Keywords:  Asia; Hepatitis B; Immunization programs; Prevalence; Travelers; Vaccination

Year:  2016        PMID: 28883958      PMCID: PMC5530950          DOI: 10.1186/s40794-016-0031-z

Source DB:  PubMed          Journal:  Trop Dis Travel Med Vaccines        ISSN: 2055-0936


Background

Viral hepatitis is now one of the major causes of death through communicable disease [1]. WHO estimates that 240 million people currently have chronic hepatitis B virus (HBV) infection [2]. HBV infection accounts more than 1 million deaths worldwide from cirrhosis, liver failure, and hepatocellular carcinoma [3]. Despite advances in treatment, eradication of the hepatitis B virus from patients with chronic hepatitis B is rarely achieved [4]. Prevention through vaccination is vital to control HBV infection. Data from the GeoSentinel Surveillance Network shows that the most common vaccine preventable diseases among travelers returning home ill were enteric fever, acute viral hepatitis and influenza.

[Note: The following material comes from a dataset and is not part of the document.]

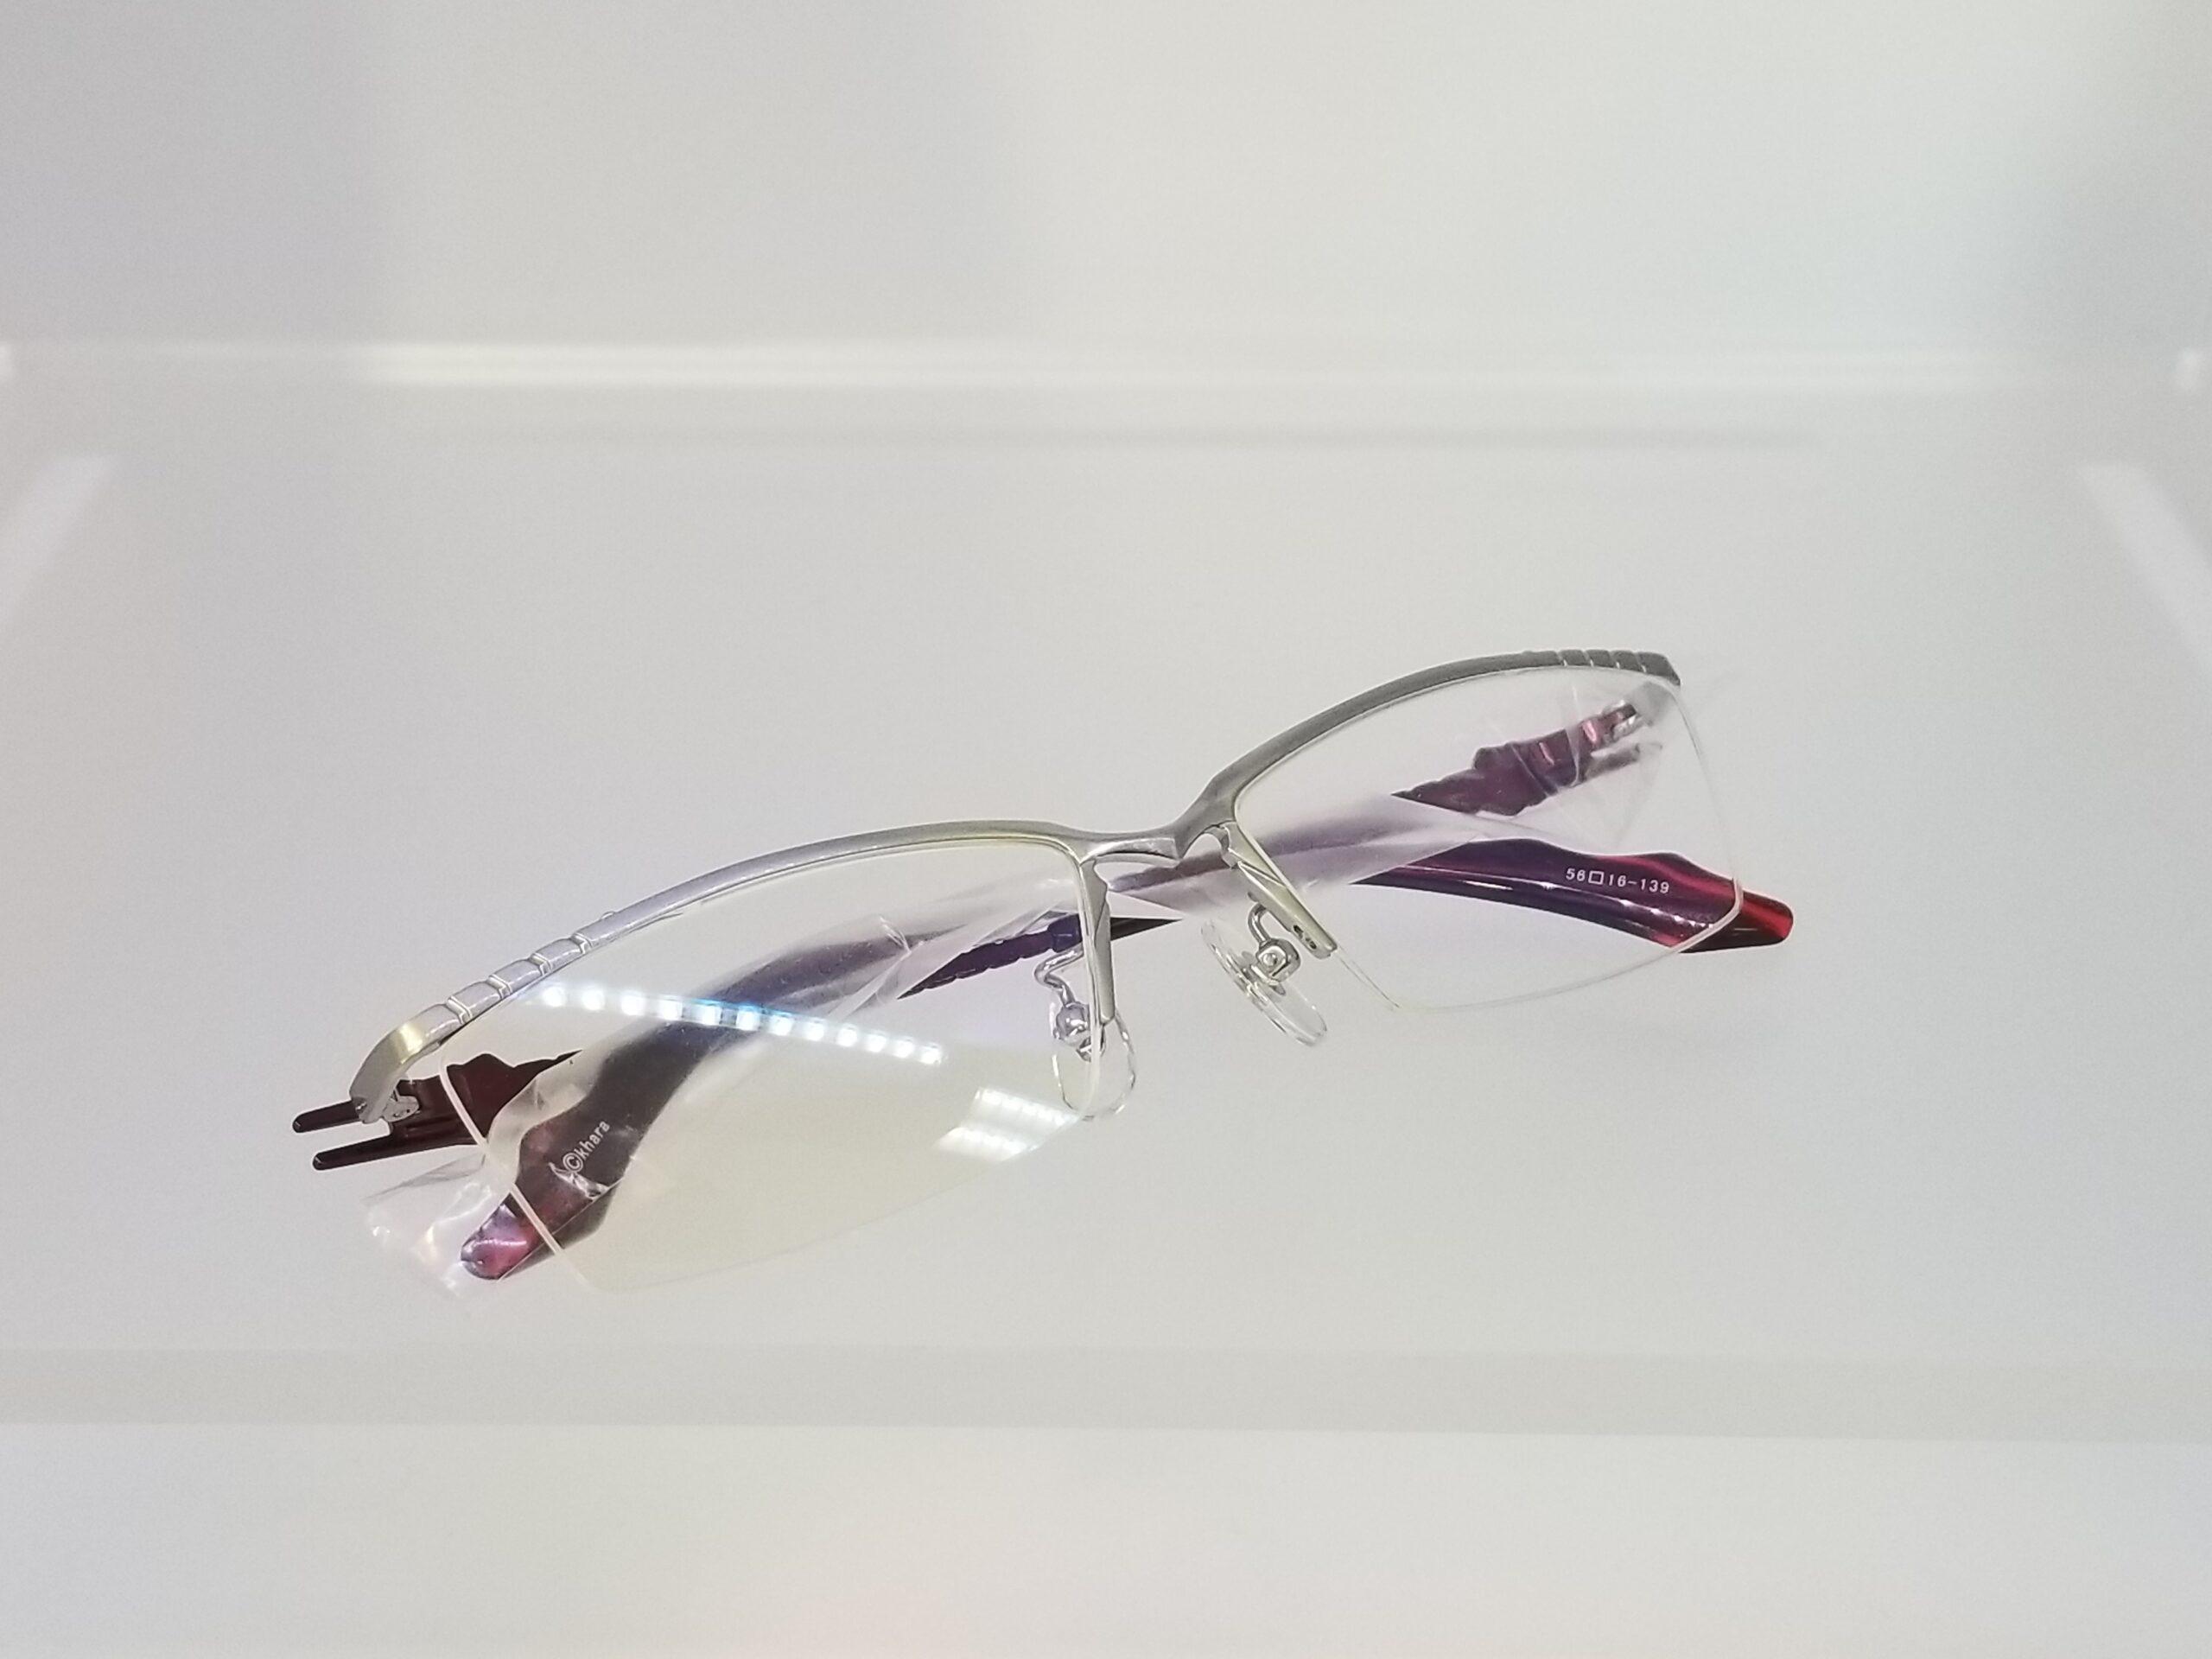 エヴァンゲリオンコラボレーションメガネ ロンギヌスの槍モデルスライド05

Hepatitis B infection was the fourth most common after enteric fever, acute hepatitis A and influenza [5]. A study of Australian and European travelers found that approximately 30–65 % of travelers to HBV endemic countries undertook activities that potentially exposed them to HBV [6, 7]. Furthermore, less than half of the travelers (46 %) had been vaccinated against HBV [6]. The HBV vaccination rate of people travelling abroad is different in each region [8]. There are many reasons why people did not opt for pre-travel vaccinations, these include the traveler’s lack of awareness regarding the prevention of diseases during overseas travel, the limited number of healthcare vaccination facilities and that some countries have yet to approve a number of vaccines needed by travelers [9]. This review aims to explore the need for HBV vaccination among international travelers to Asia.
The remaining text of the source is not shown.